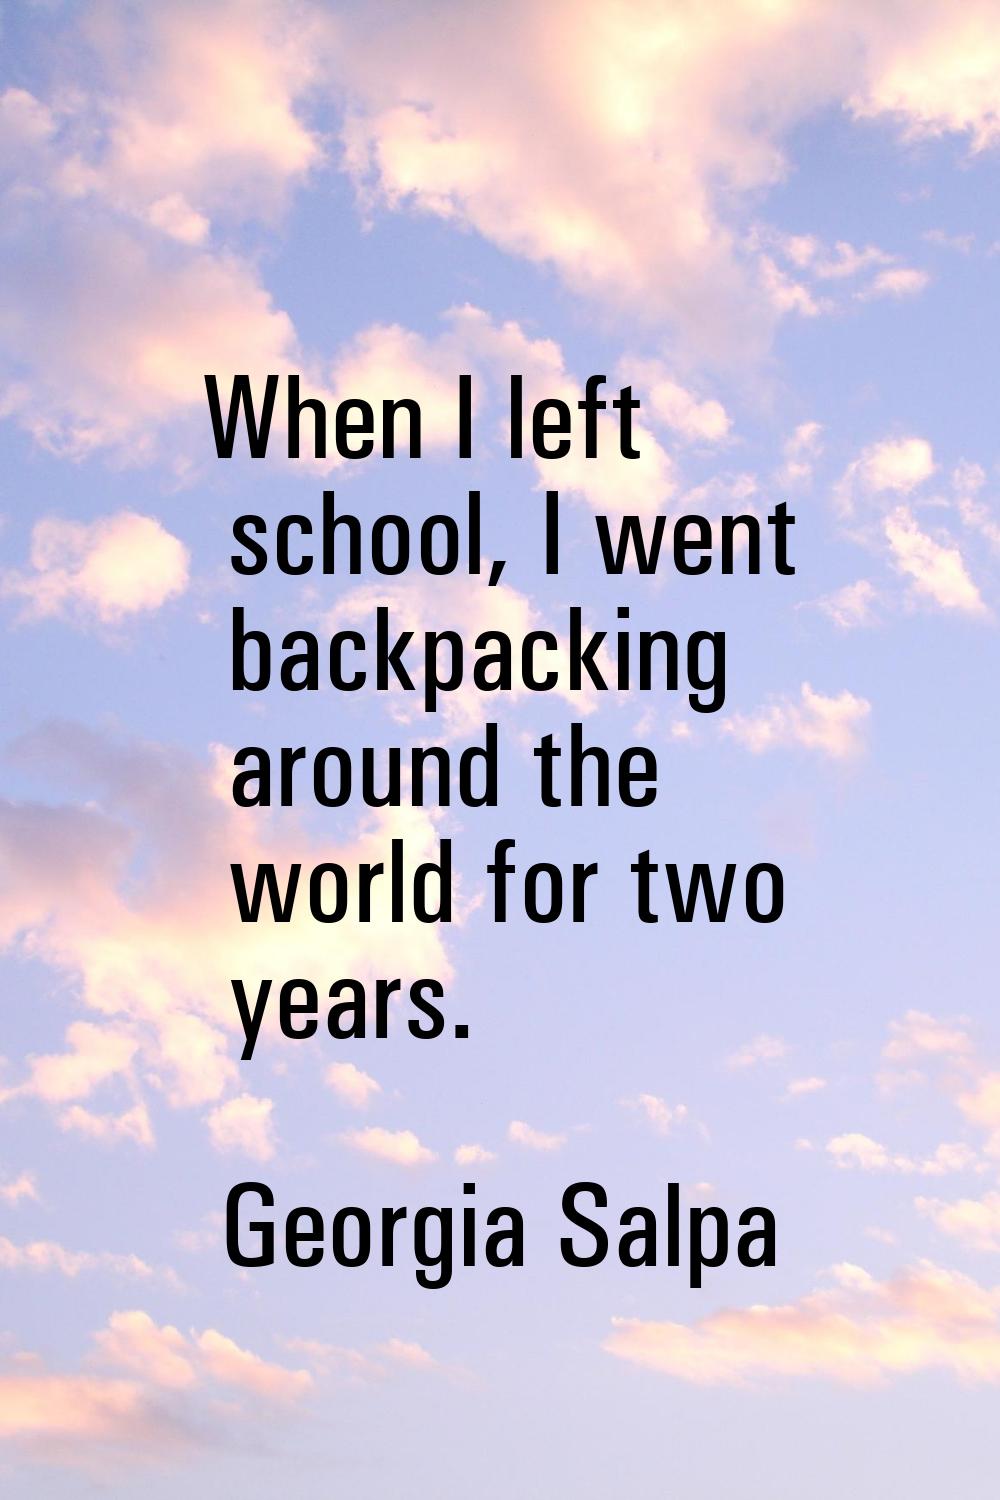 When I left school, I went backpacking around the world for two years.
==
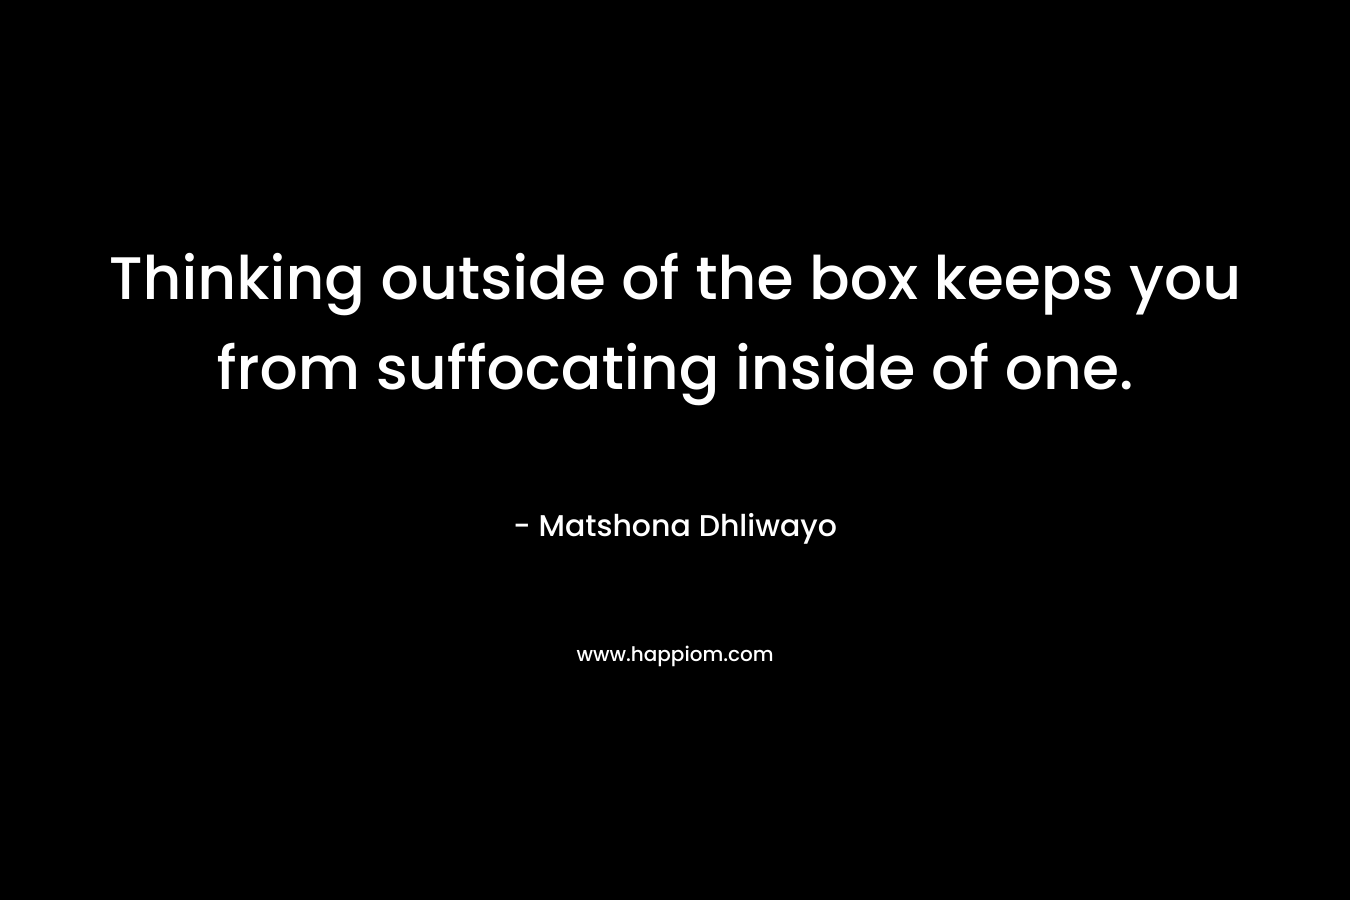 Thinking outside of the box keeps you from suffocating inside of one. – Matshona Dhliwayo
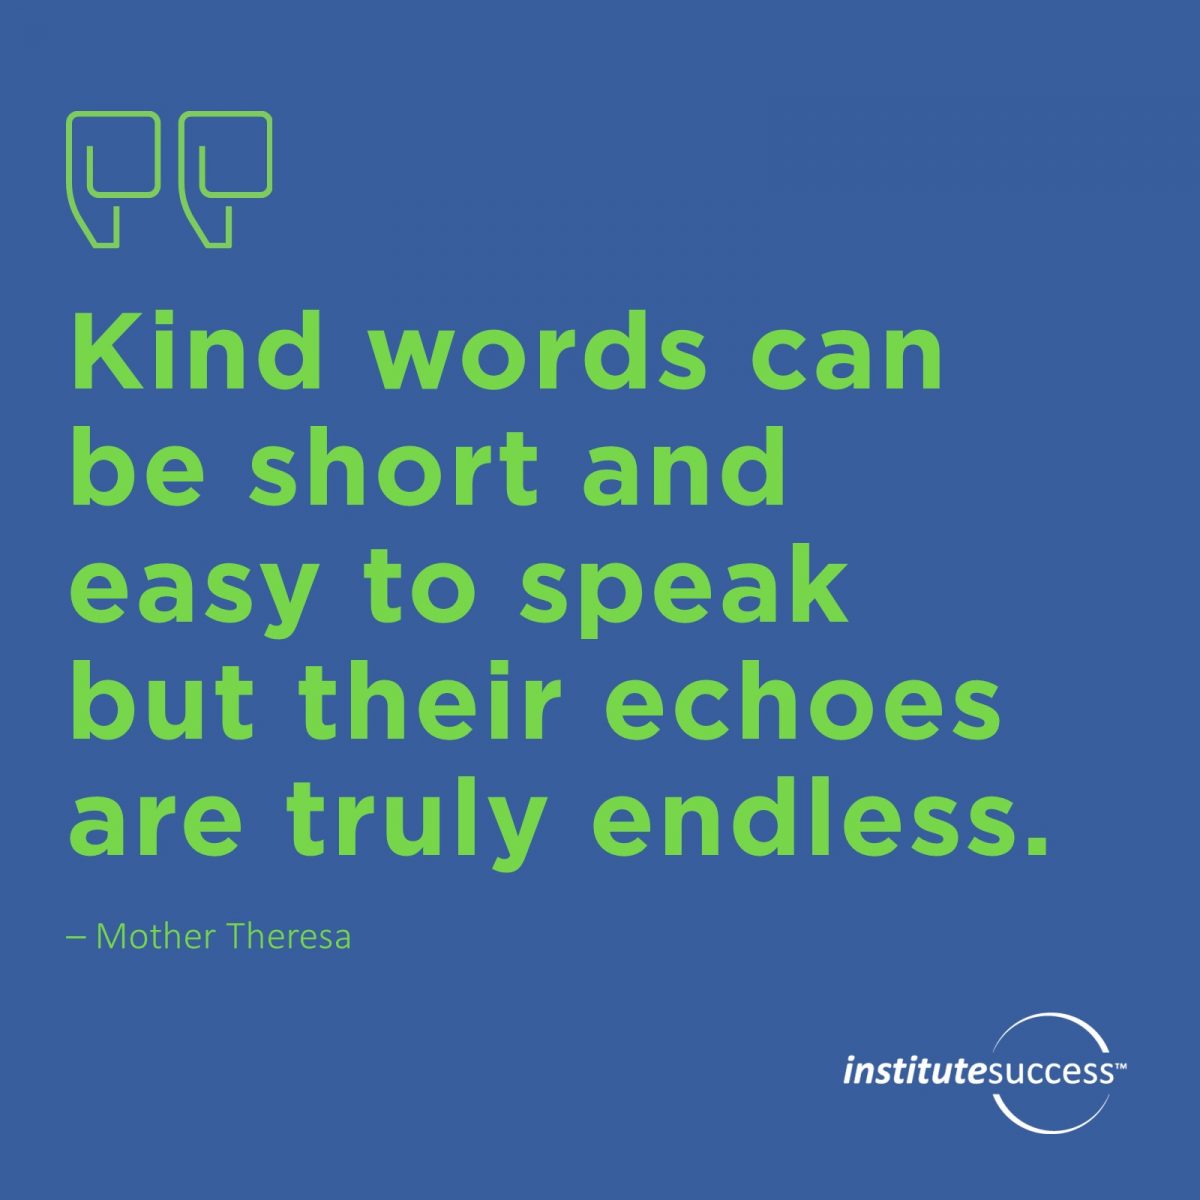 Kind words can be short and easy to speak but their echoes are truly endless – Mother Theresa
--
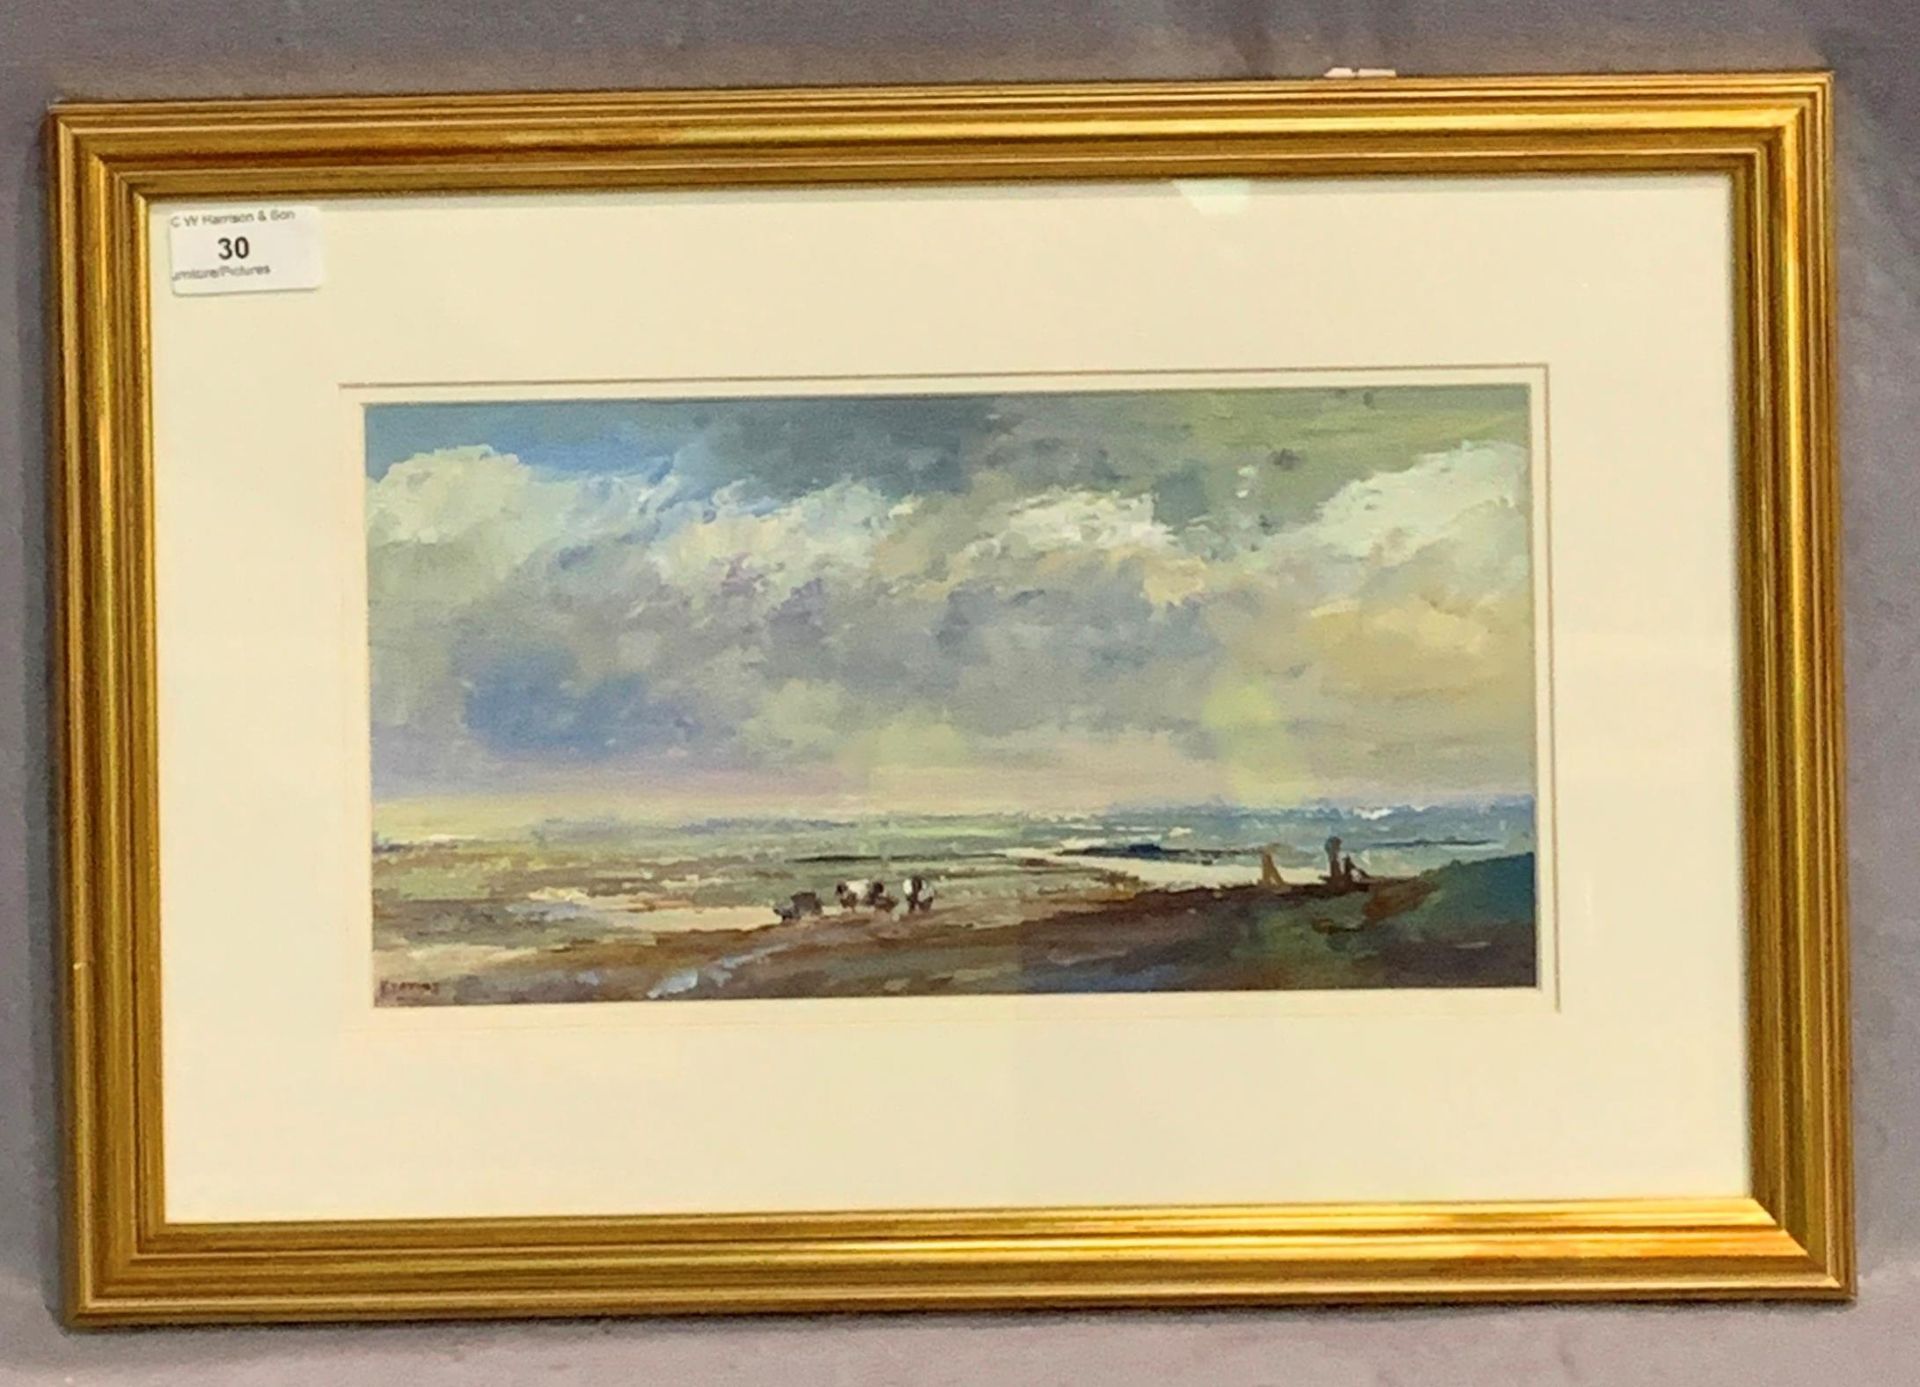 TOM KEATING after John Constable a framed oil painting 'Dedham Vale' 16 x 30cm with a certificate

**WHAT IS BEING ASKED**
In the listing above, find the line with "Thinking outside of" and the line with "Kind words can". Copy both of them and every line between, exactly, but not the pictures.

**TASK OUTPUT**
 Thinking outside of the box keeps you from suffocating inside of one. – Matshona Dhliwayo
 Kind words can be short and easy to speak but their echoes are truly endless – Mother Theresa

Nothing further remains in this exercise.